Studio album by The Spinners
- Released: December 1977
- Studio: Kaye–Smith Studios, Seattle, Washington; Sigma Sound, Philadelphia, Pennsylvania;
- Genre: Soul
- Length: 40:06
- Language: English
- Label: Atlantic
- Producer: Thom Bell

The Spinners chronology
| Yesterday, Today, & Tomorrow (1977) | 8 (1977) | The Best of the Spinners (1978) |

The Spinners studio albums chronology
| Yesterday, Today, & Tomorrow (1977) | 8 (1978) | From Here to Eternally (1979) |

= 8 (Spinners album) =

8 is a studio album by American soul vocal group The Spinners, released in 1977. The recording represents a transition in the band's make-up that led to a commercial and critical decline.

==Recording and release==
8 was recorded and released after Yesterday, Today, & Tomorrow, a studio album made up of two distinct sessions: one recorded during the making of Happiness Is Being with the Spinners in 1976, representing the last recordings with Philippé Wynne and the other with the first recordings featuring his replacement, John Edwards.

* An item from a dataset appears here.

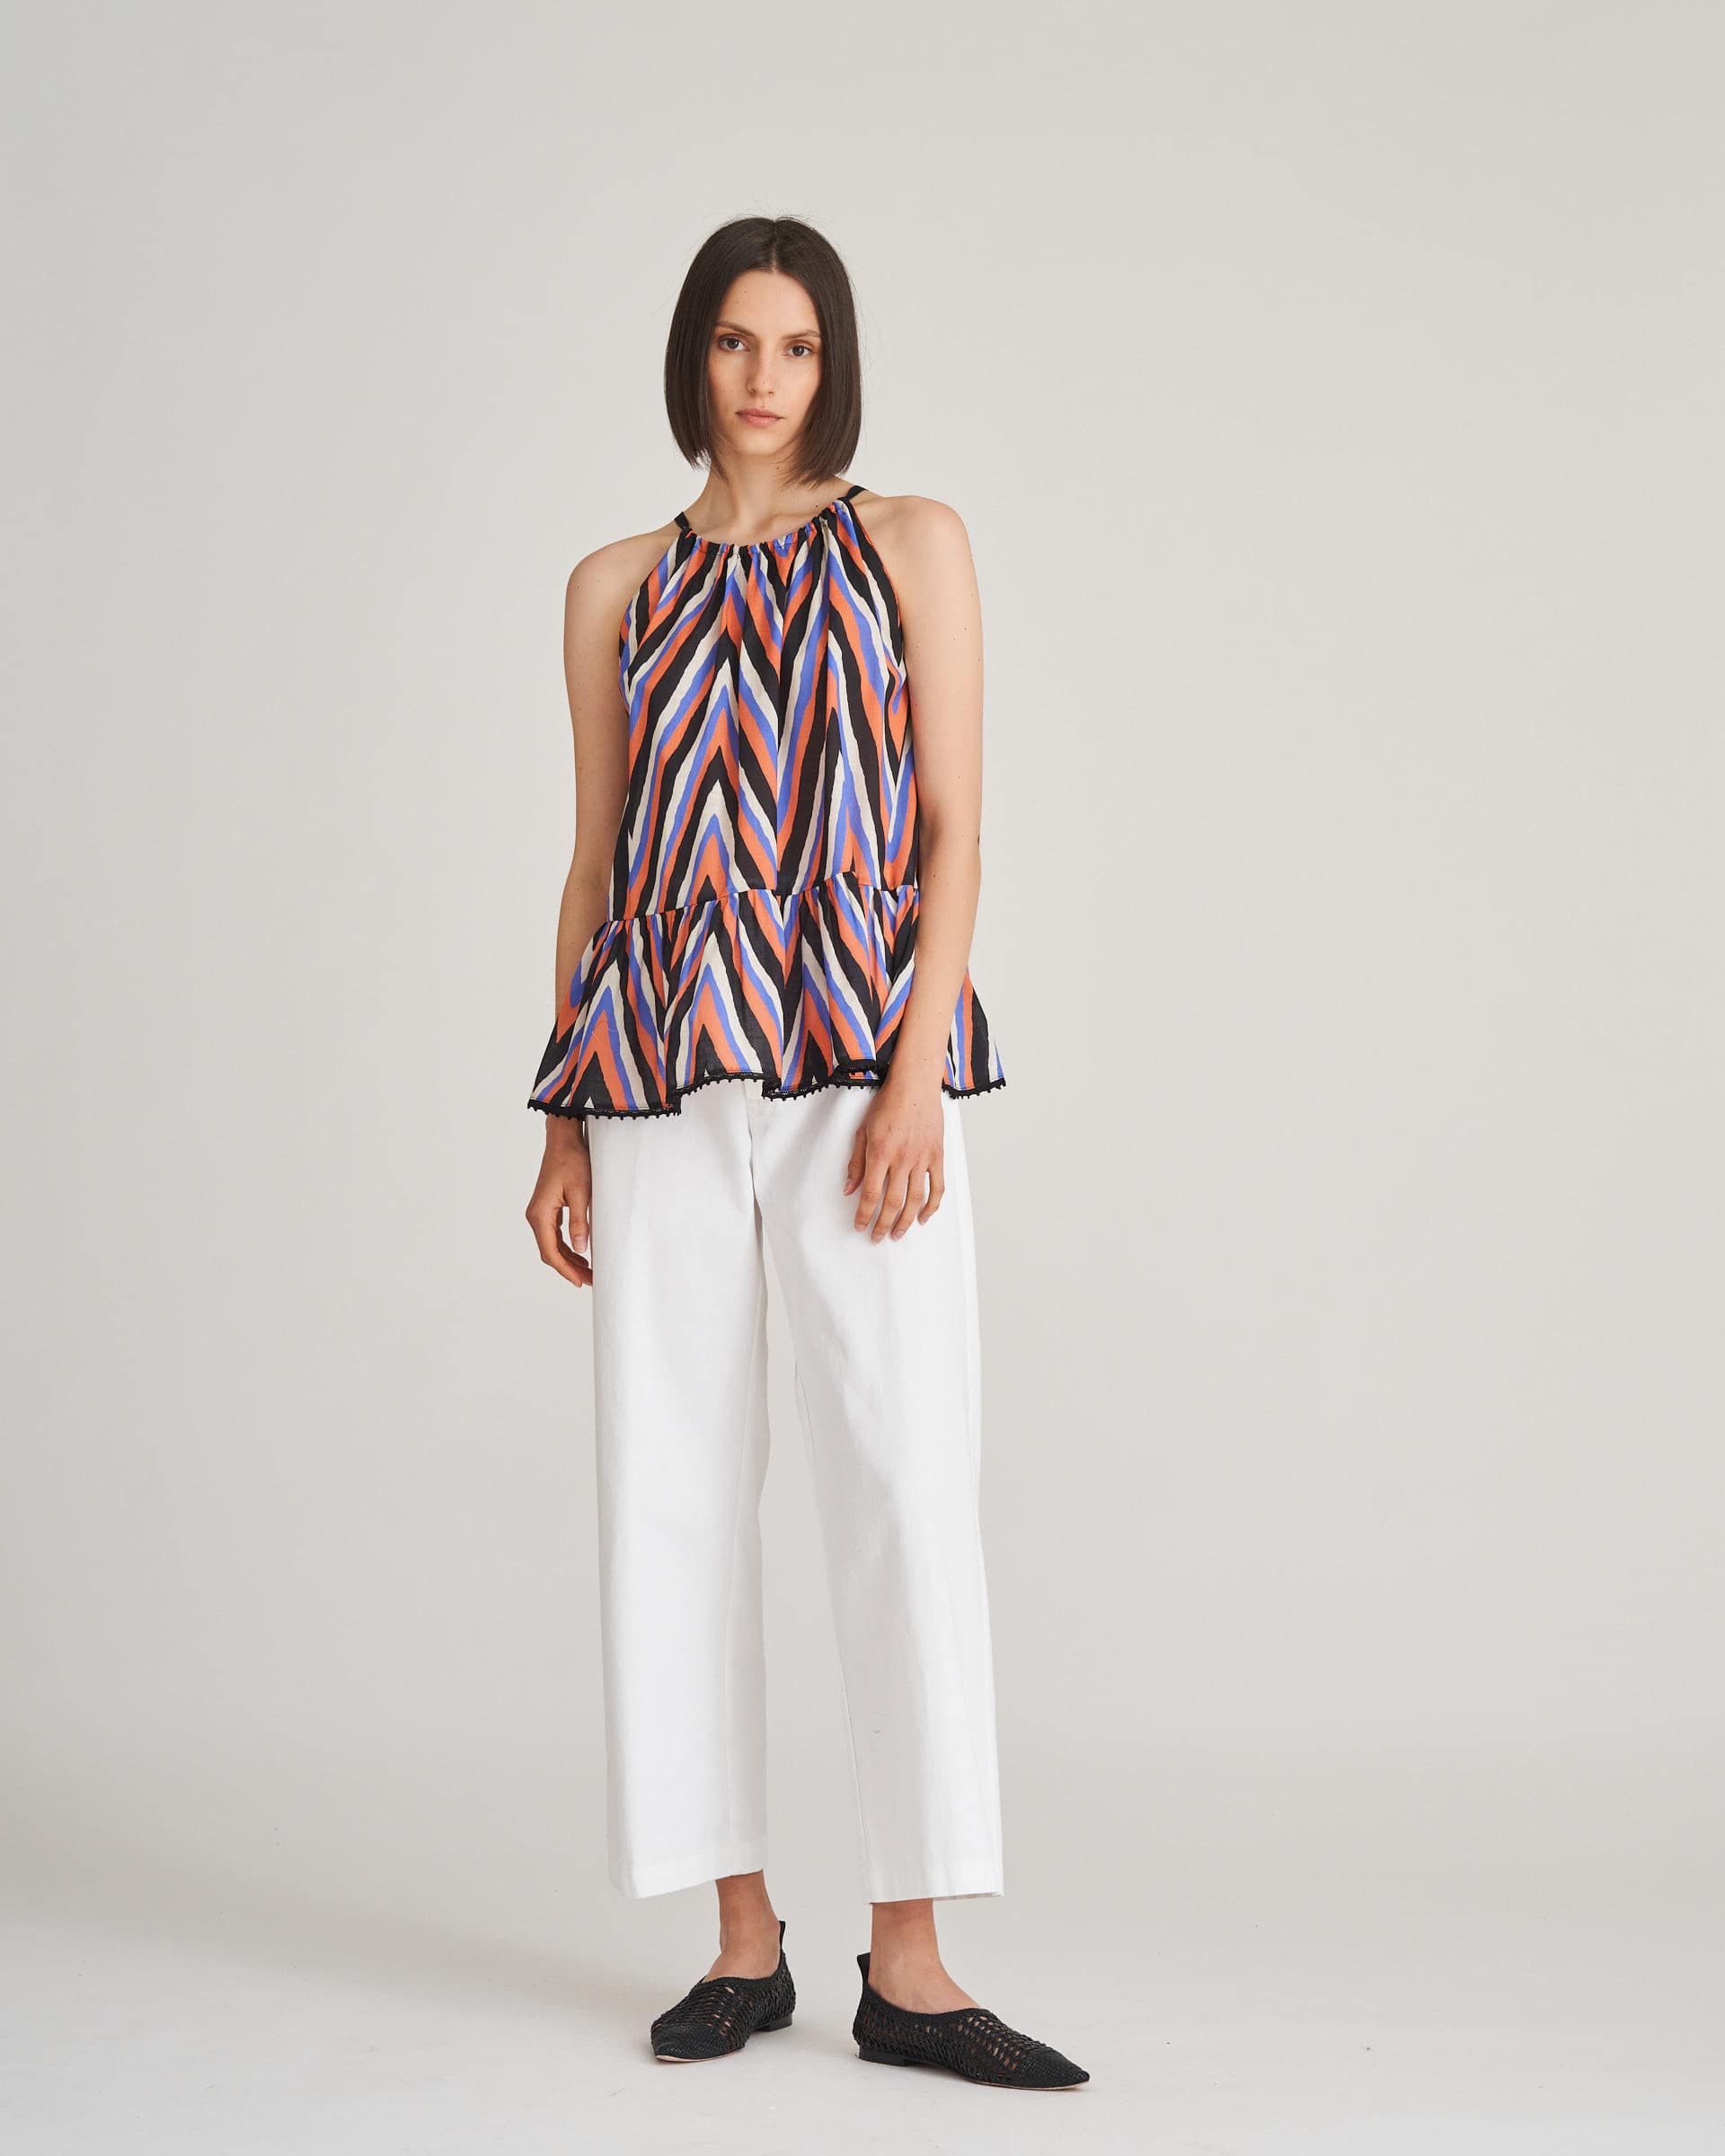 The Market Store | Patterned Sleeveless Top

Wynne departed to pursue a solo album and music business career and the remaining group continued recording with producer Thom Bell through 1978, but neither Wynn nor The Spinners would achieve the critical and commercial success they had during their run of 1970s albums. The Spinners promoted this album with a tour that included a brief residency in Los Angeles at Pantages Theater that included several fellow soul music acts; they also did radio promotions, an album-signing event, and a string of television appearances.

==Reception==
The editors of AllMusic Guide scored 8 two out of five stars, with reviewer Jason Elias noting that the loss of Wynne as a vocalist negatively impacted The Spinners, with their producer Bell having "no idea what to do" with Edwards; he notes that several tracks are successful, but "the bad outweighs the good here, making Spinners/8 the most problematic album Bell produced for the group".

==Track listing==
1. "I'm Gonna Getcha" (Leroy M. Bell and Casey James) – 4:25
2. "I'm Tired of Giving" (Joseph B. Jefferson and Charles B. Simmons) – 4:11
3. "Painted Magic" (Leroy M. Bell and Thom Bell) – 4:16
4. "You Got the Love That I Need" (Sherman W. Marshall and Phillip T. Pugh) – 3:34
5. "Heaven on Earth (So Fine)" (Casey James) – 4:00
6. "Back in the Arms of Love" (Bill Lamb) – 4:36
7. "(Love Is) One Step Away" (Juanita Gordon) – 4:38
8. "Easy Come, Easy Go" (Leroy M. Bell, Thom Bell, and Casey James) – 4:26
9. "Baby I Need Your Love (You're the Only One)" (Leory M. Bell and Casey James) – 6:00

==Personnel==

The Spinners
- John Edwards – tenor vocals (late sessions)
- Henry Fambrough – baritone vocals
- Billy Henderson – tenor vocals
- Pervis Jackson – bass vocals
- Bobby Smith – tenor vocals
- Philippe Wynne – tenor vocals (early sessions)
Additional musicians (see MFSB)
- Bob Babbitt – bass guitar
- Leroy M. Bell – guitar, arrangement on "Baby I Need Your Love"
- Anthony S. Bell – guitar, arrangement on "(Love Is) One Step Away"
- Thom Bell – keyboards, arrangement on all tracks except "(Love Is) One Step Away" and "Baby I Need Your Love", conducting, production
- Carla Benson – backing vocals
- Evette Benson – backing vocals
- Bobby Eli – guitar
- Barbara Ingram – backing vocals
- Casey James – guitar, keyboards, timpani, arrangement on "Baby I Need Your Love"
- Andrew Smith – drums
- Larry Washington – percussion
Technical personnel
- Bernie Grundman – mastering
- Win Koots – assistant engineering, mixing
- Don Murray – chief engineering, mixing
- Richard J. Stanley – typography and logo design
- Eric Porter – art direction
- Reed Ruddy – assistant engineering
- Todd Schorr – cover airbrush art

==Chart performance==
Domestically, 8 entered the Billboard R&B chart on December 17, 1977 at 47 and peaked at 34 during a 10-week run; it reached 57 on the Billboard 200 and spent 13 weeks on the chart (it does not appear in the March 25, 1978 issue). In Canada, it topped out at 72, according to RPM.